Stephen Maguire’s 9-3 victory over Jamie Burnett in the Maplin UK Championship may be the subject of an official investigation after betting was suspended on this very scoreline ahead of the match.
“When you get new accounts opened from Glasgow addresses to bet frame scores, alarm bells go off,” said Cliff Wilds, Head of Sport at the bookmakers Victor Chandler.
“We took no money on Maguire to win 9-2 or 9-4, only 9-3. That sets the alarm bells off as well.”
Maguire the 2004 UK champion and an obvious favourite to win the match, led 6-2 overnight against Burnett, a friend, fellow Glaswegian and sometime practice partner who beat Jamie Cope 9-7 to qualify.
Burnett compiled a classy 113 break to win the tenth frame before Maguire made it 8-3.
The next was littered with errors on both sides. Eventually, Maguire left the green in the jaws and Burnett potted it.
He added the brown but massively overhit his positional shot for the blue, which he nevertheless stroked in from distance.
He missed a long pink but fluked it, leaving himself an awkward, missable cut-back black.
Burnett overcut this by such a margin that it did not even hit the pocket jaws.
Both players vehemently denied any part in a betting coup. Burnett said he was aware betting had been suspended and that this intensified the pressure he felt at 8-3.
"In the last frame I have never felt more pressure in my life," he said. "I didn't think I could have played the colours knowing people have been saying things.
"On the black I said to myself, 'I need to get this, I need to get this' in case some people start talking. I just felt so under pressure, probably the most pressure I have felt in my life. Then to come off was the lowest feeling. I felt terrible."

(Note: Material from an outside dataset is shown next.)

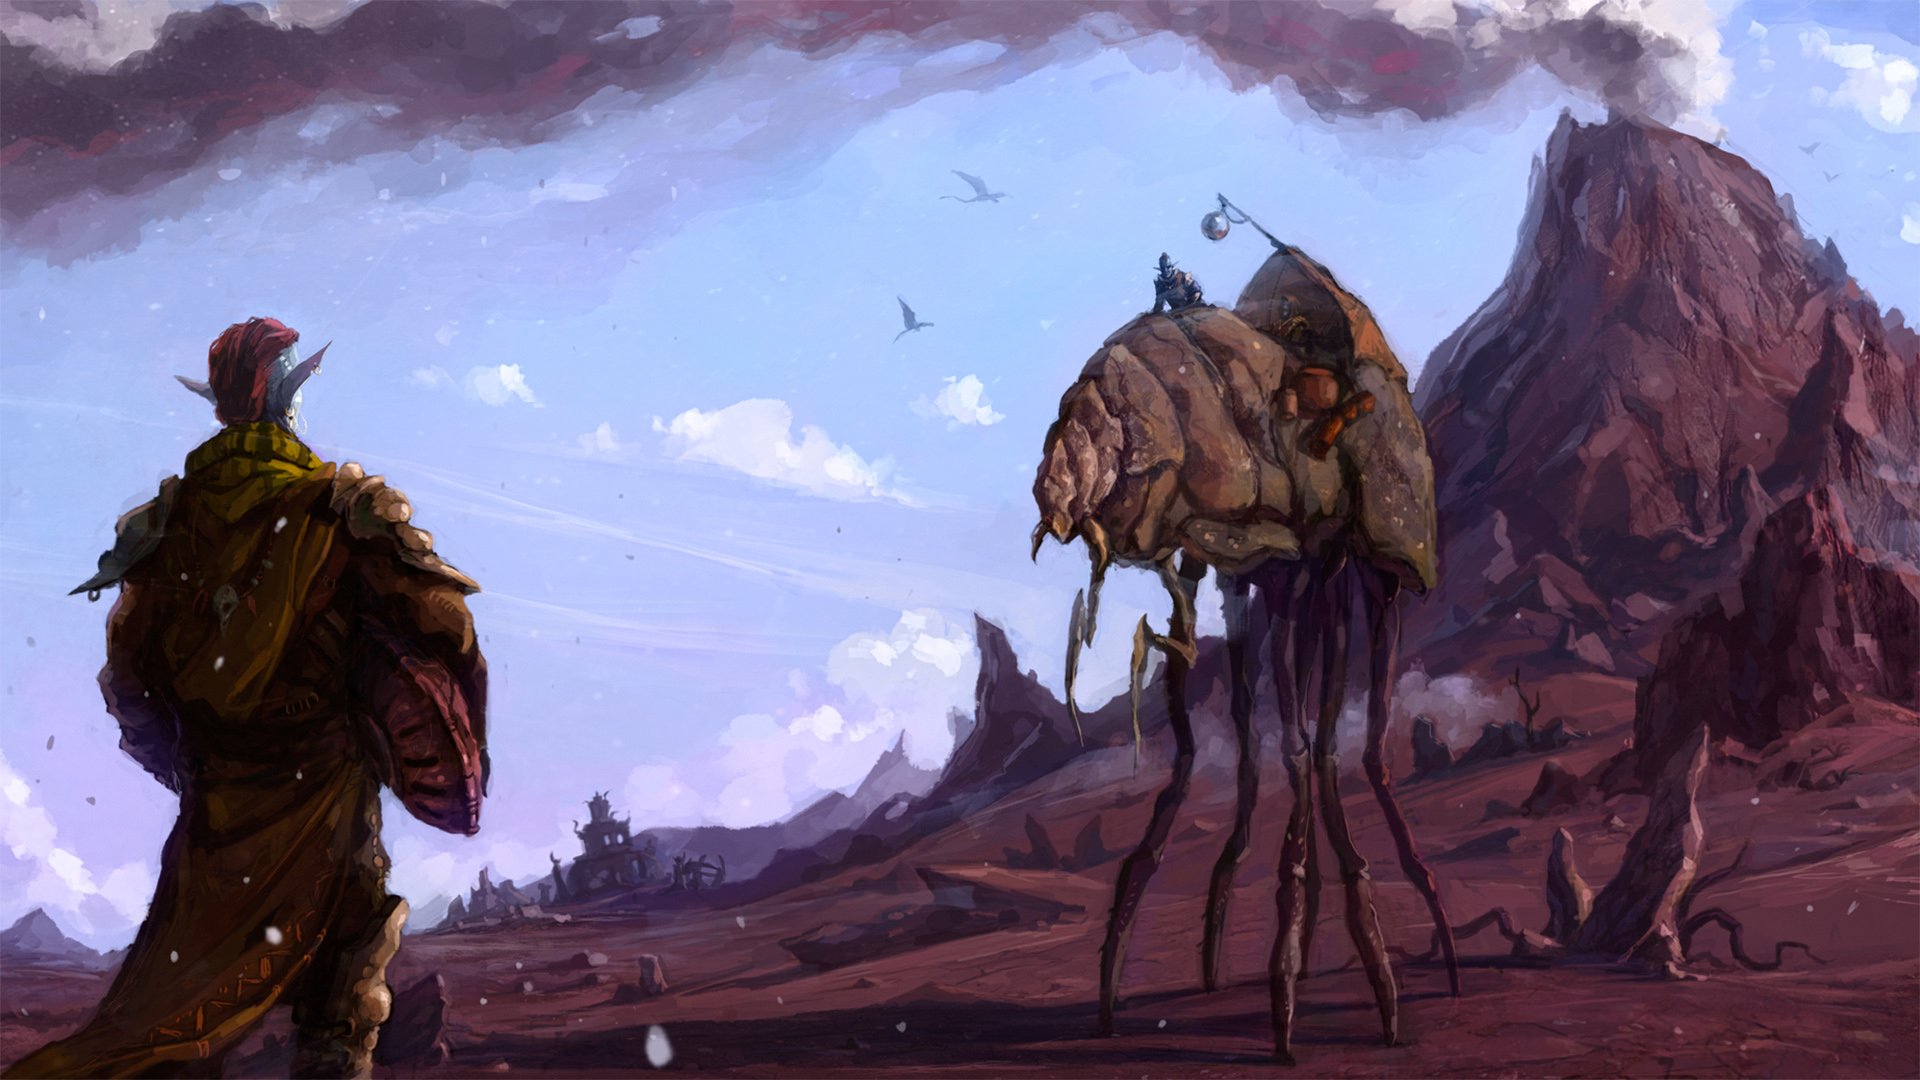 The Elder Scrolls Iii Morrowind Hd Wallpaper Background Image 1920x1080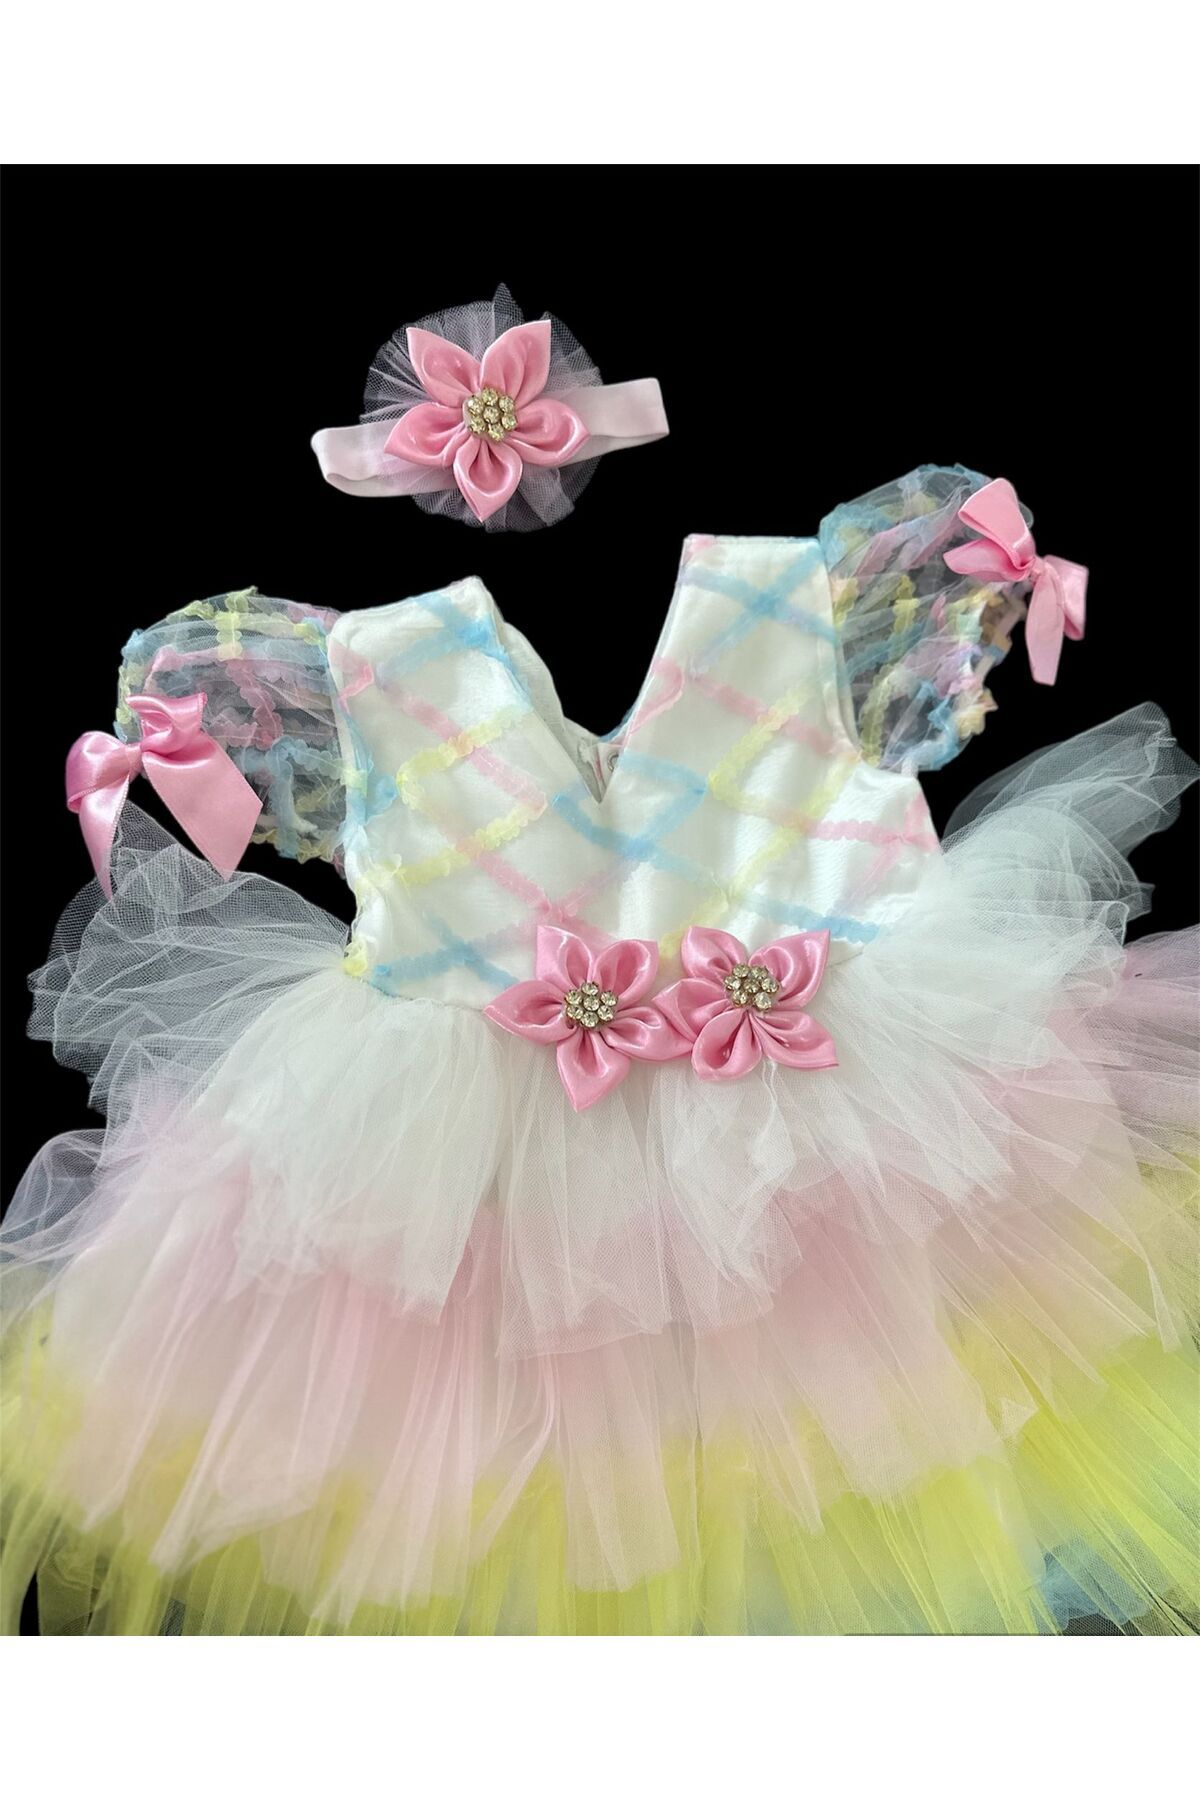 Ponpon Baby 1 yaş kız bebek renkli katkat tüllü prenses elbisesi doğum günü kıyafeti

"People have been laughing and joking about things like that for years, but to my knowledge nobody has ever done anything. Snooker is too important. There is a career here."
The WPBSA issued a statement. It reads: “We have agreements in place with both Betfair and the Association of British Bookmakers who contact World Snooker confidentially if irregular betting patterns are reported.
“In such cases the match in question is carefully monitored by World Snooker and a thorough assessment of the players’ performance will be made.
“In past incidents, which are extremely rare, World Snooker have taken a particularly stringent line where players have been judged guilty of match fixing or intention to match fix.”
Peter Francisco was banned for five years in 1995 and Quinten Hann for eight in 2006.
Since then, there have been a few grumbles from bookmakers, particularly at the 2006 and 2007 Grand Prix and 2008 Malta Cup – all played under a round robin format.
Peter Ebdon’s 5-0 defeat to Liang Wenbo at this season’s Northern Ireland Trophy is still under investigation by the Gambling Commission.
Snooker, I believe, is mainly clean but any suspicious matches should be investigated in full.
This means taking evidence from bookmakers, the players themselves, the referee, commentators and anyone else with relevant information.
And it should not matter whether matches involve the world no.80, the world champion or a WPBSA board member – they should all be treated the same.
Regardless of what happens with this latest case - which may turn out to be entirely innocent - I believe that any player found guilty of match fixing should be banned from the sport for life.
If people don’t believe the sport is honest then it will not continue to attract sponsors, broadcasters or spectators.
That would mean the end of professional snooker as we know it.